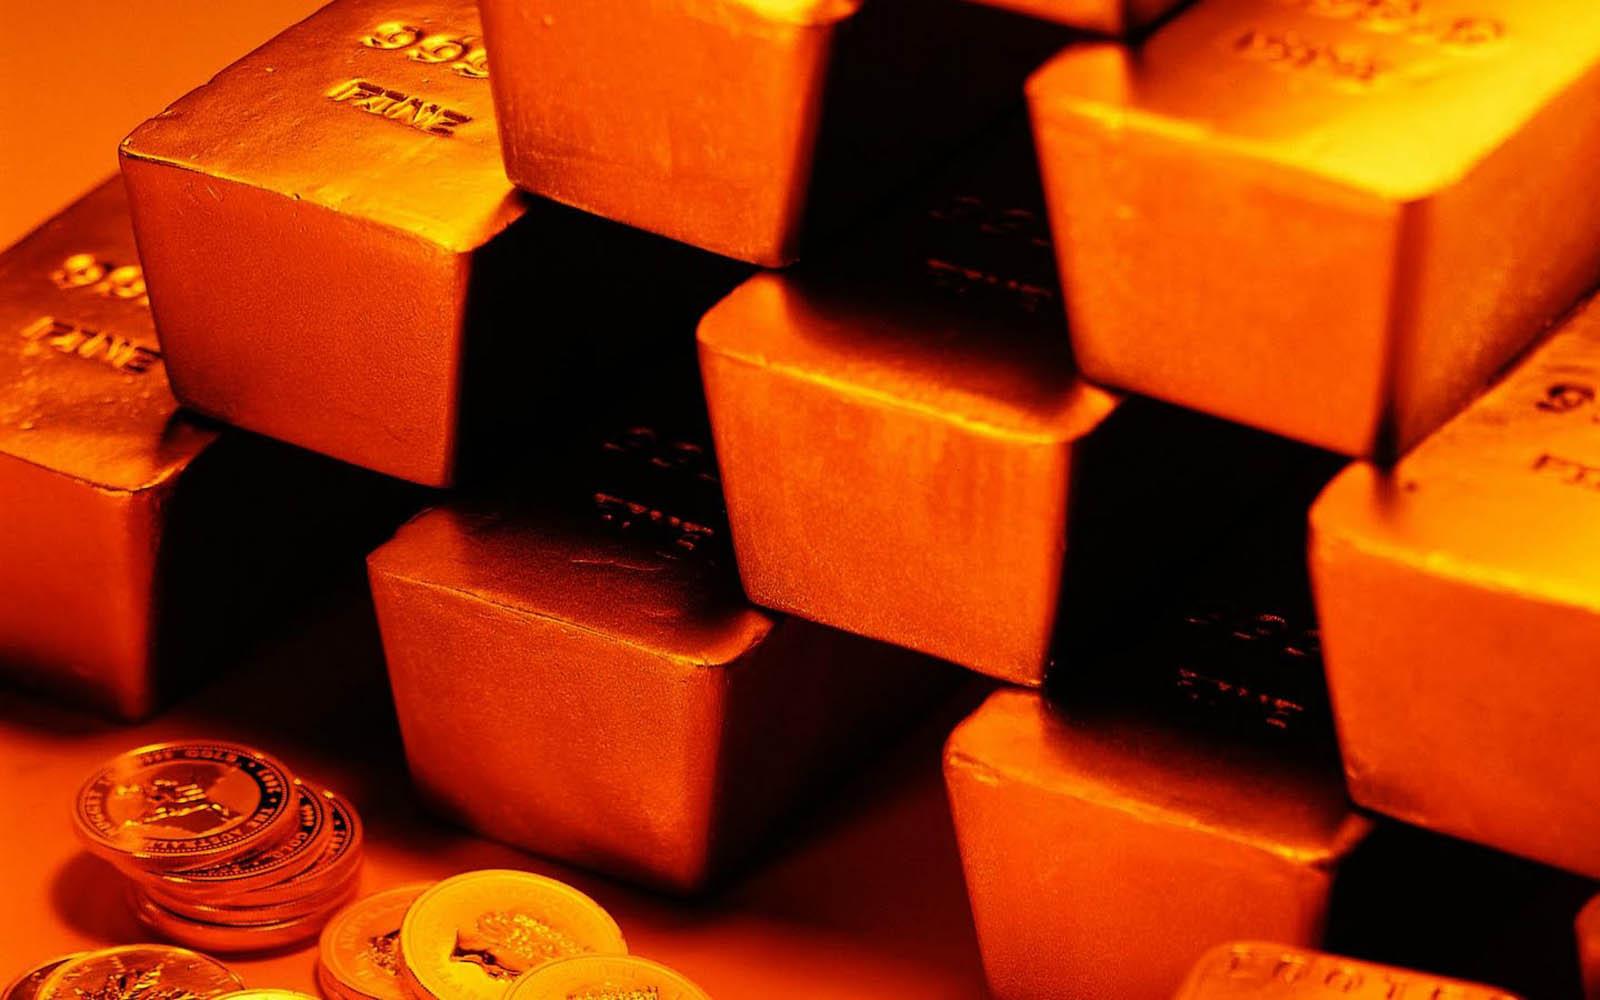 http://2.bp.blogspot.com/-UKQCeceToto/UHbVybrvFWI/AAAAAAAALWo/uZ0yLsWgMgM/s1600/Gold+Wallpapers+5.jpg
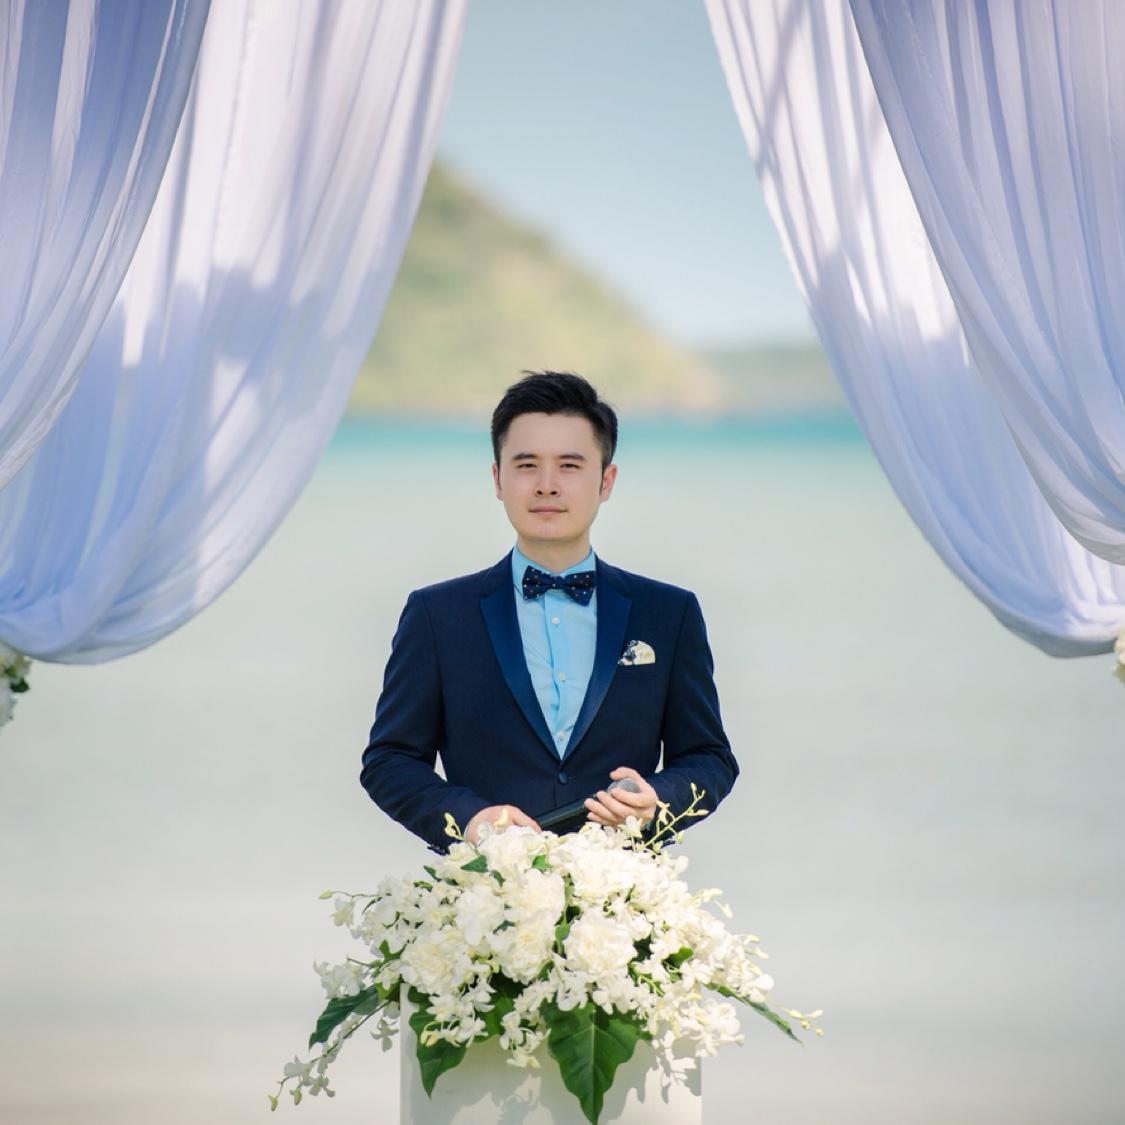 你好!我是婚礼主持人陈纯
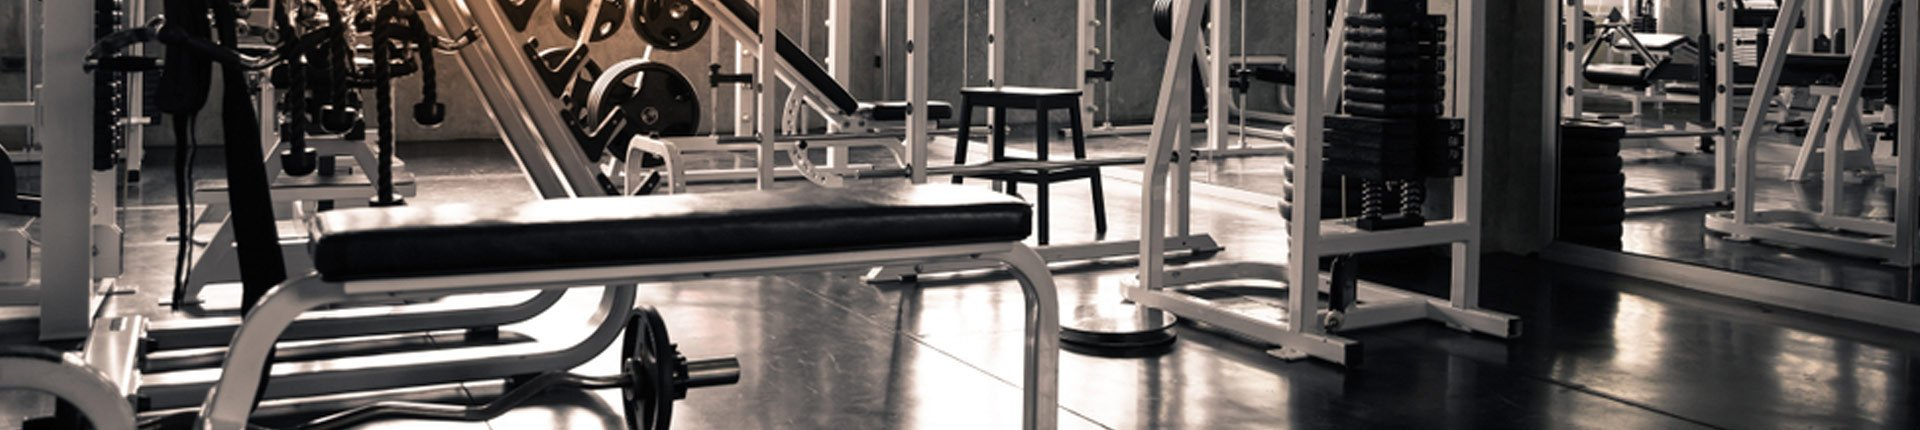 Ile czasu wirus przetrwa na przedmiotach i sprzęcie treningowym na siłowni?
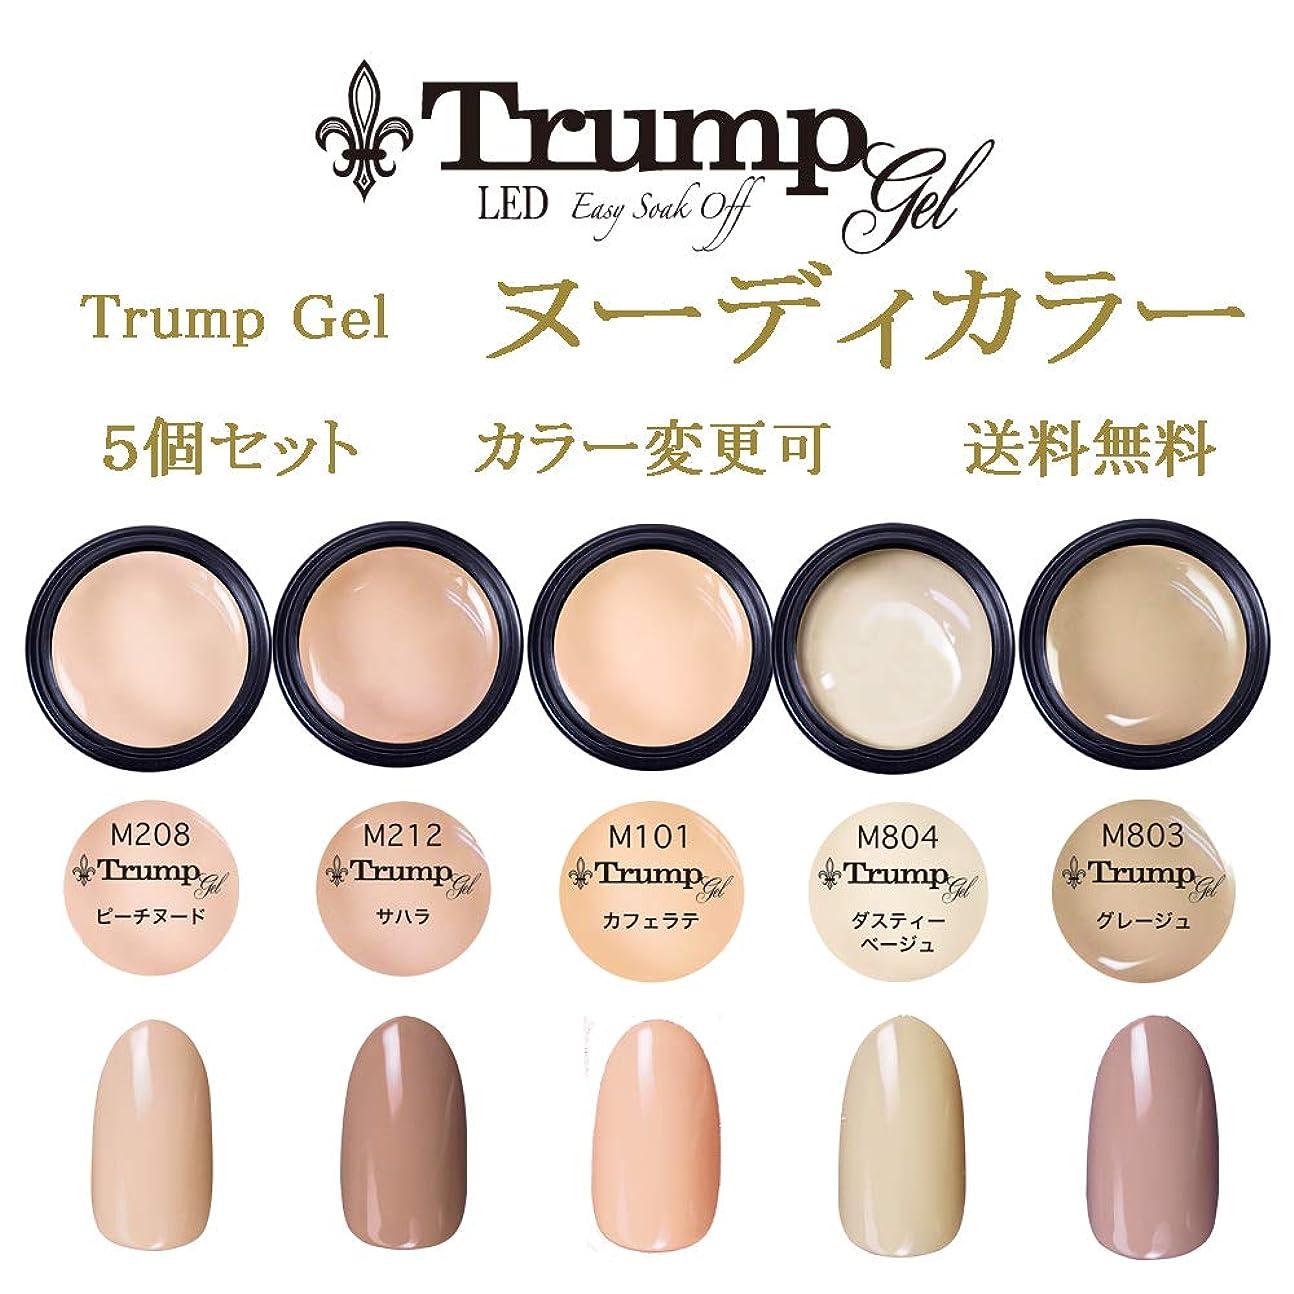 フロント侵略汚染日本製 Trump gel トランプジェル ヌーディカラー 選べる カラージェル 5個セット ベージュ ブラウン ピンク
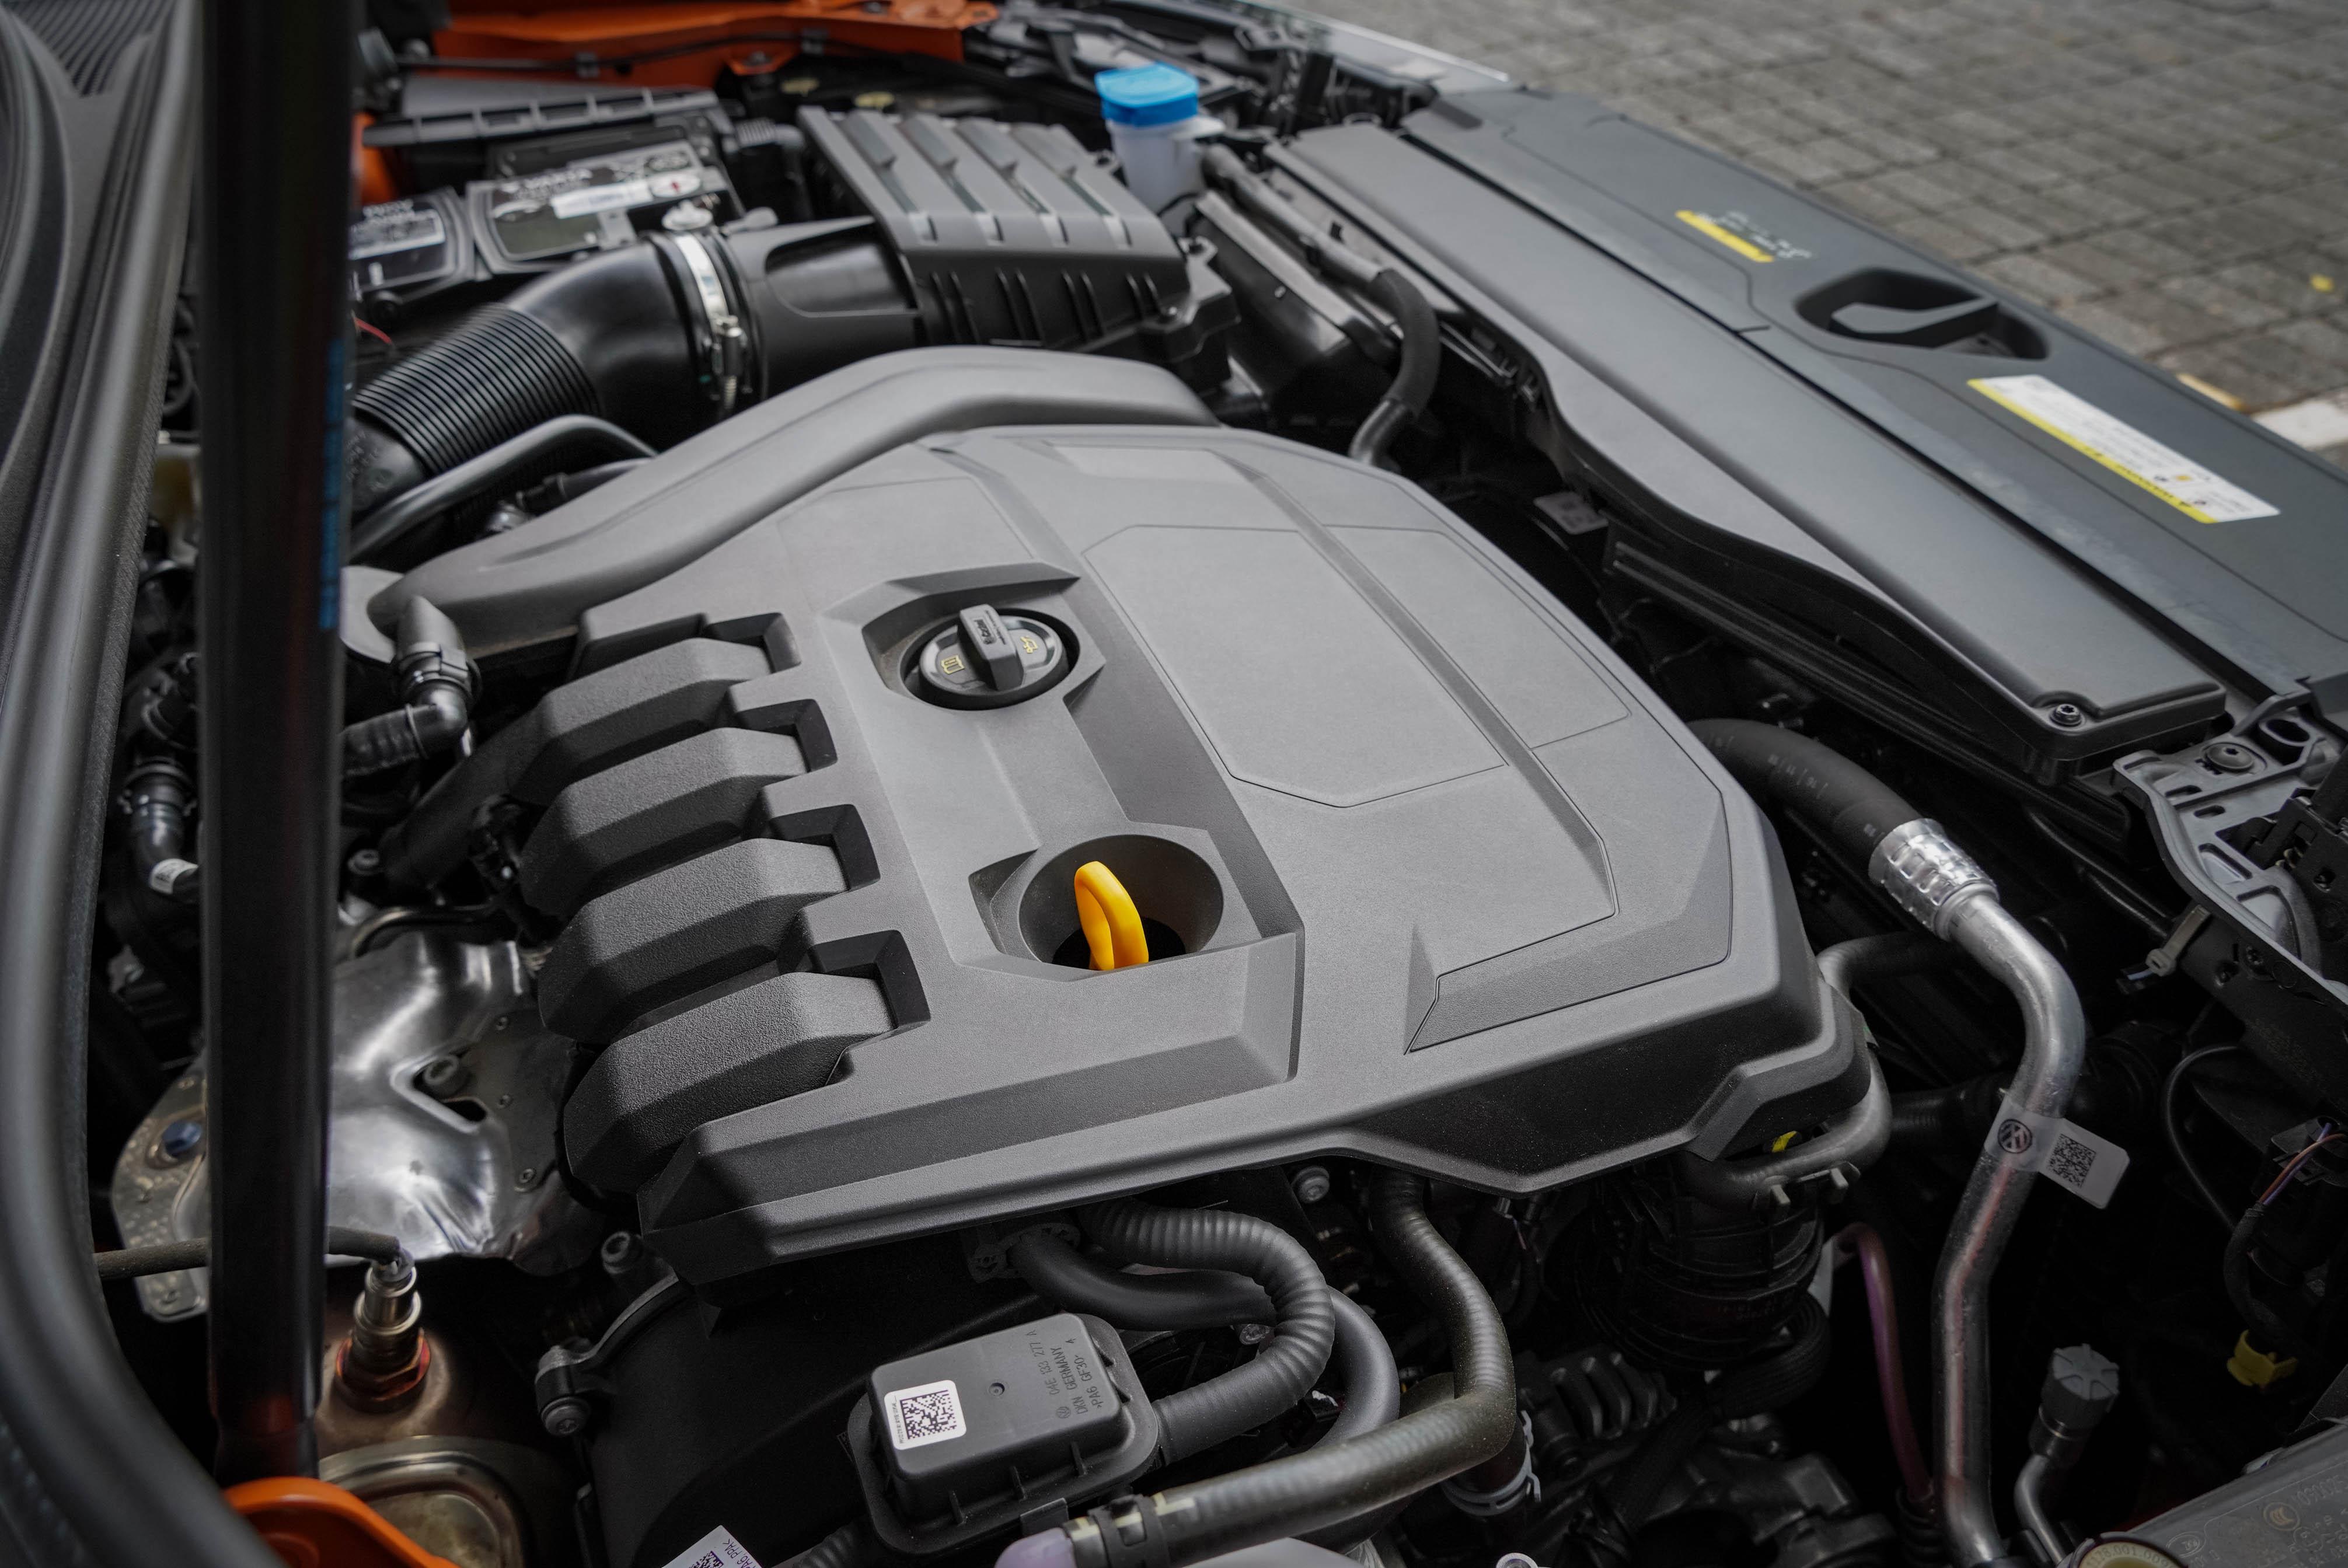 L4 汽油渦輪增壓引擎及 48V 輕型複合動力系統搭配,動力輸出為 150hp/250 Nm。

****************************************

• **Exercise goal**: Restate the whole listing word for word. Omit the pictures.

• **Result below**:
 http://2.bp.blogspot.com/-UKQCeceToto/UHbVybrvFWI/AAAAAAAALWo/uZ0yLsWgMgM/s1600/Gold+Wallpapers+5.jpg
 你好!我是婚礼主持人陈纯
 Ile czasu wirus przetrwa na przedmiotach i sprzęcie treningowym na siłowni?
 フロント侵略汚染日本製 Trump gel トランプジェル ヌーディカラー 選べる カラージェル 5個セット ベージュ ブラウン ピンク
 L4 汽油渦輪增壓引擎及 48V 輕型複合動力系統搭配,動力輸出為 150hp/250 Nm。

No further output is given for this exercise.